■ **AVAILABLE DATA**:
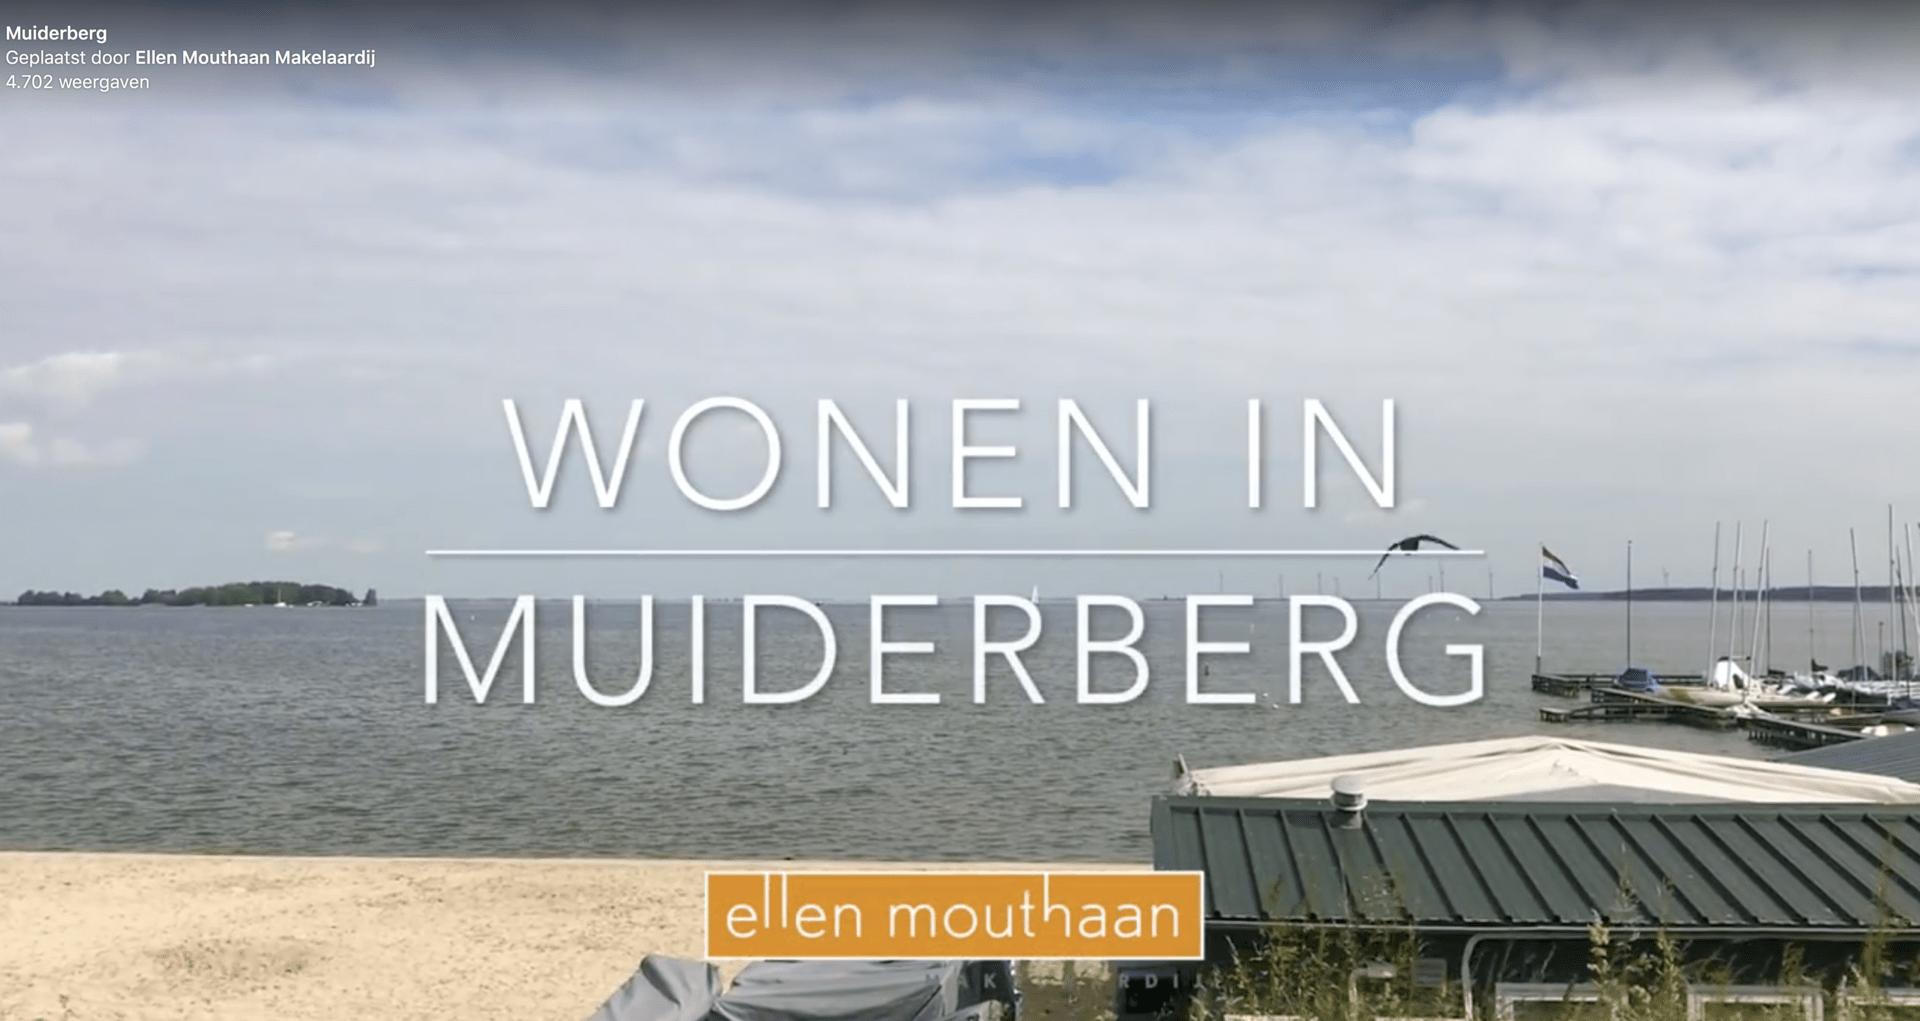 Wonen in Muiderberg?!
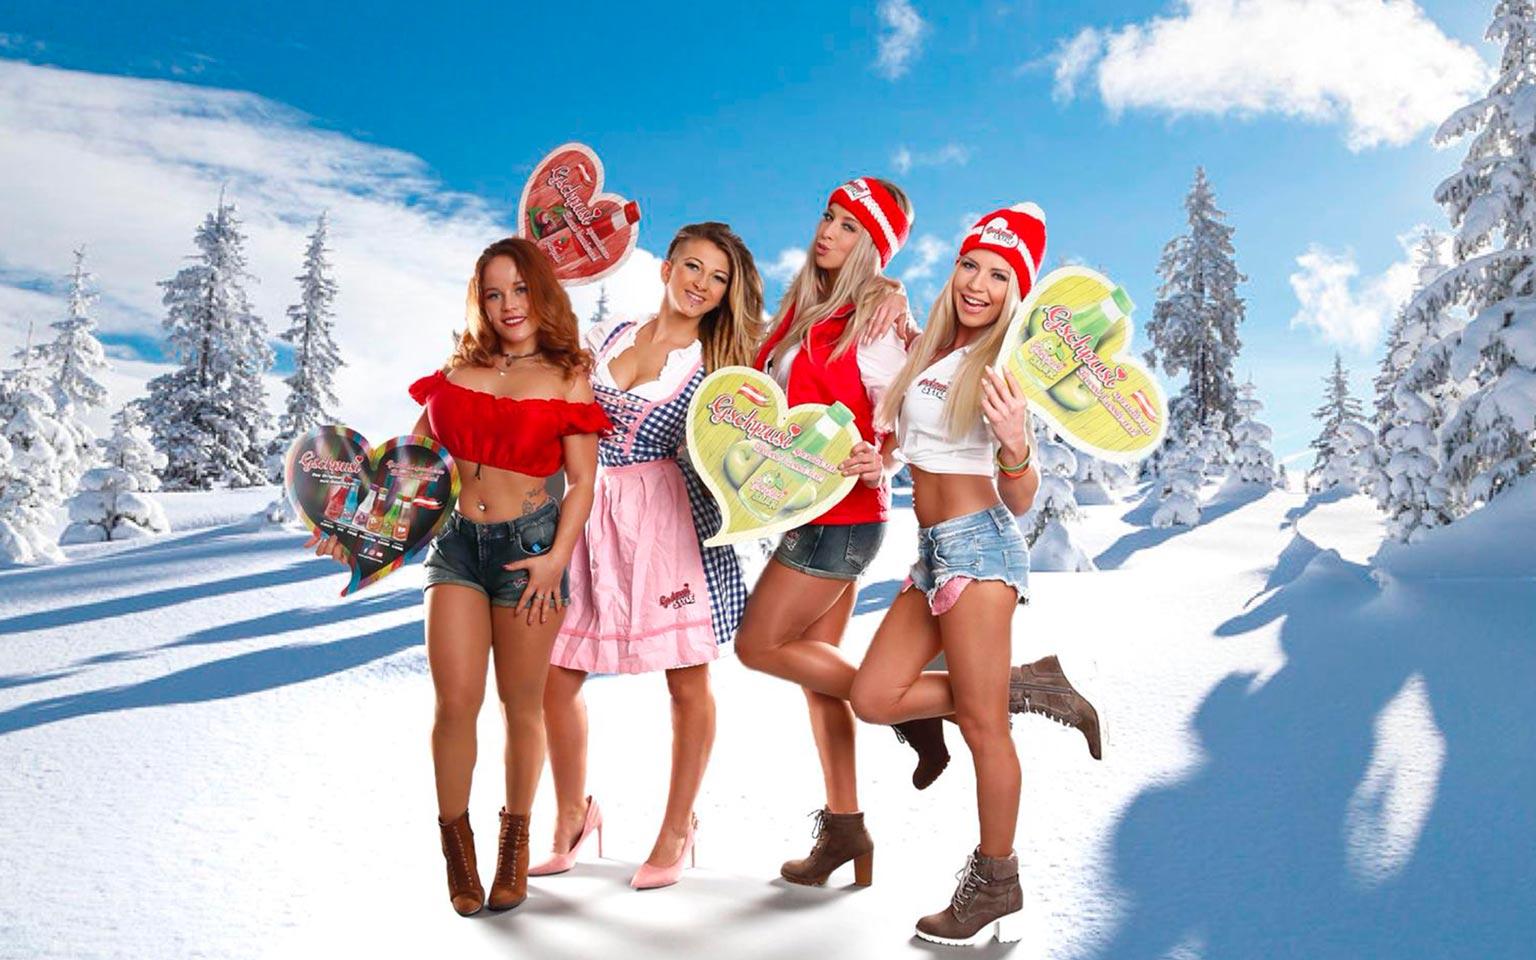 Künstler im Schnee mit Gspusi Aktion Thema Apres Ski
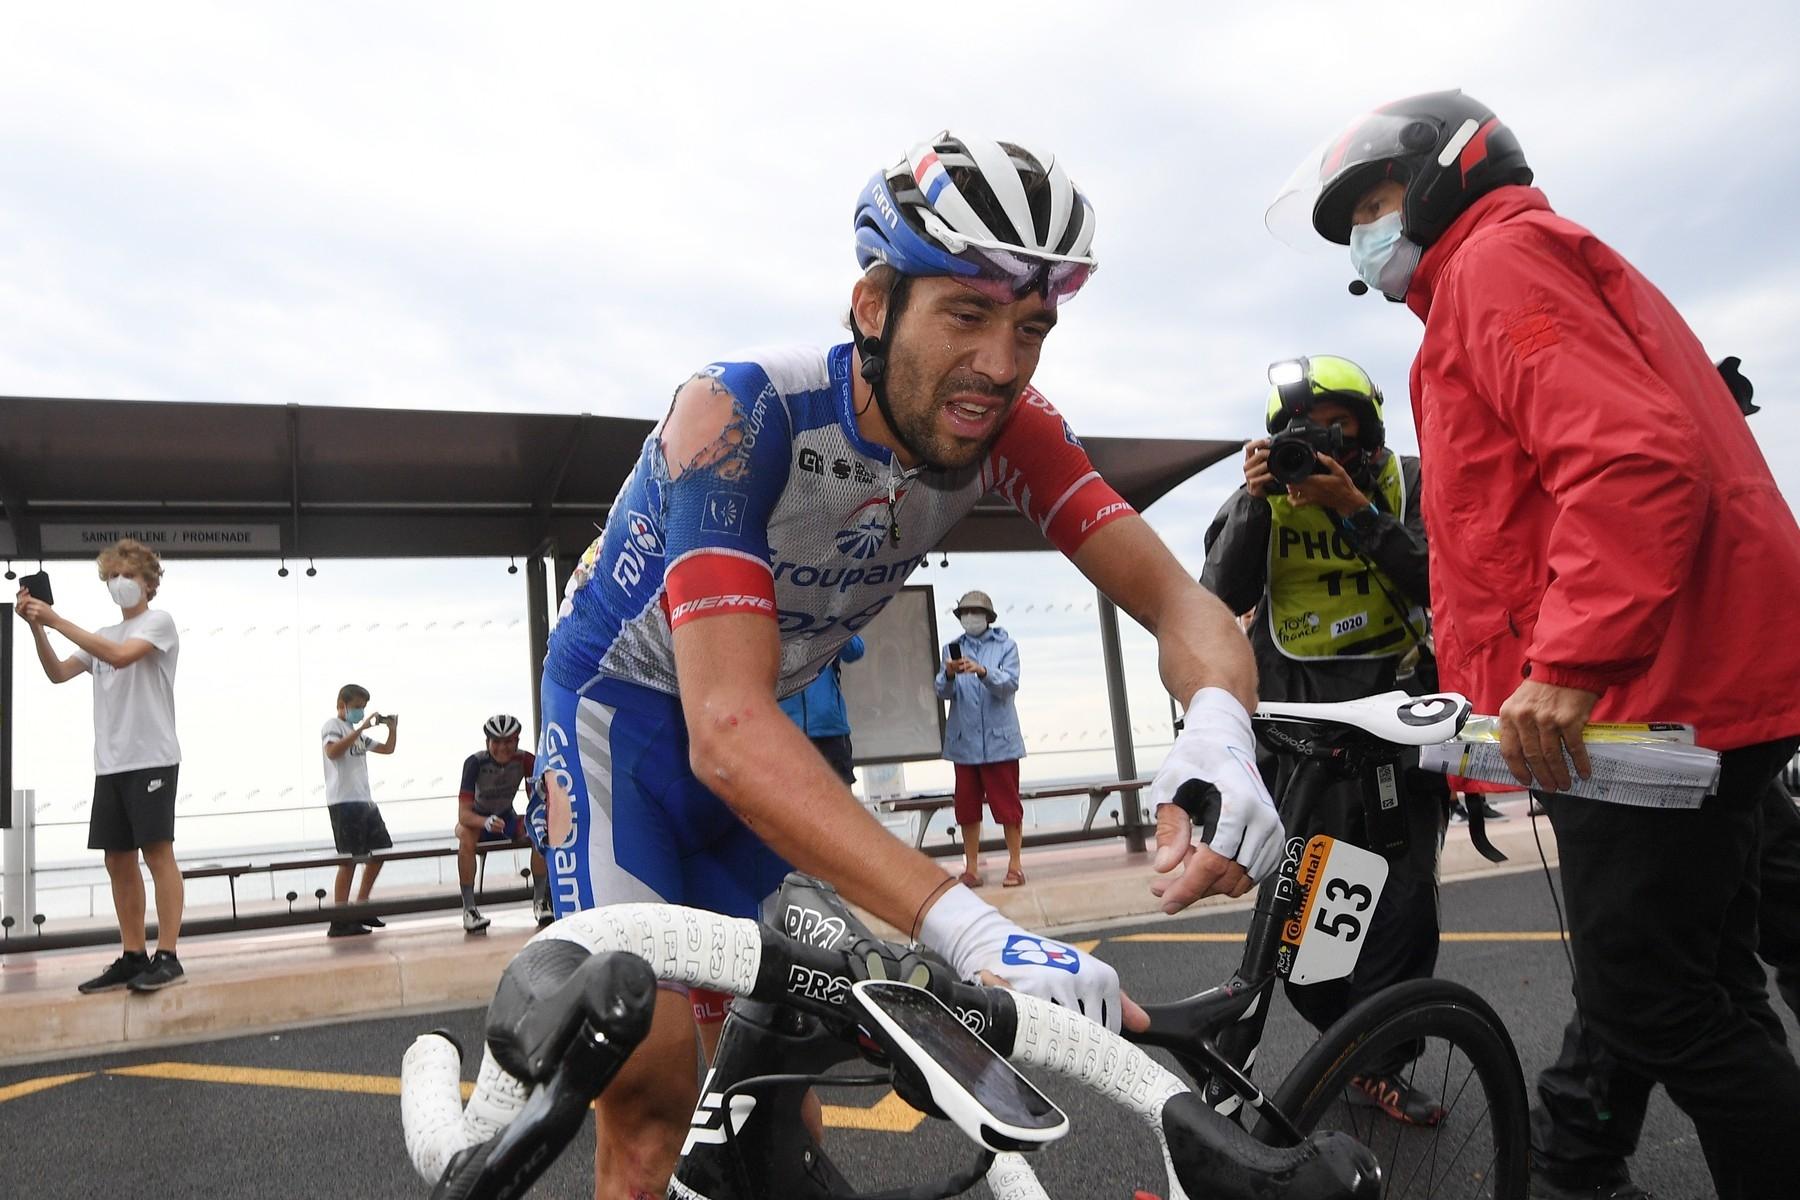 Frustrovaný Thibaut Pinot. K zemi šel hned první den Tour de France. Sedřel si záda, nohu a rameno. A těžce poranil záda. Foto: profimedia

■ **REQUIREMENT**:
Print the lines from the one that contains "Künstler im Schnee" through the final line of the material above, exactly and only those, with pictures left out.

■ **COMPLETED EXERCISE**:
 Künstler im Schnee mit Gspusi Aktion Thema Apres Ski
 Frustrovaný Thibaut Pinot. K zemi šel hned první den Tour de France. Sedřel si záda, nohu a rameno. A těžce poranil záda. Foto: profimedia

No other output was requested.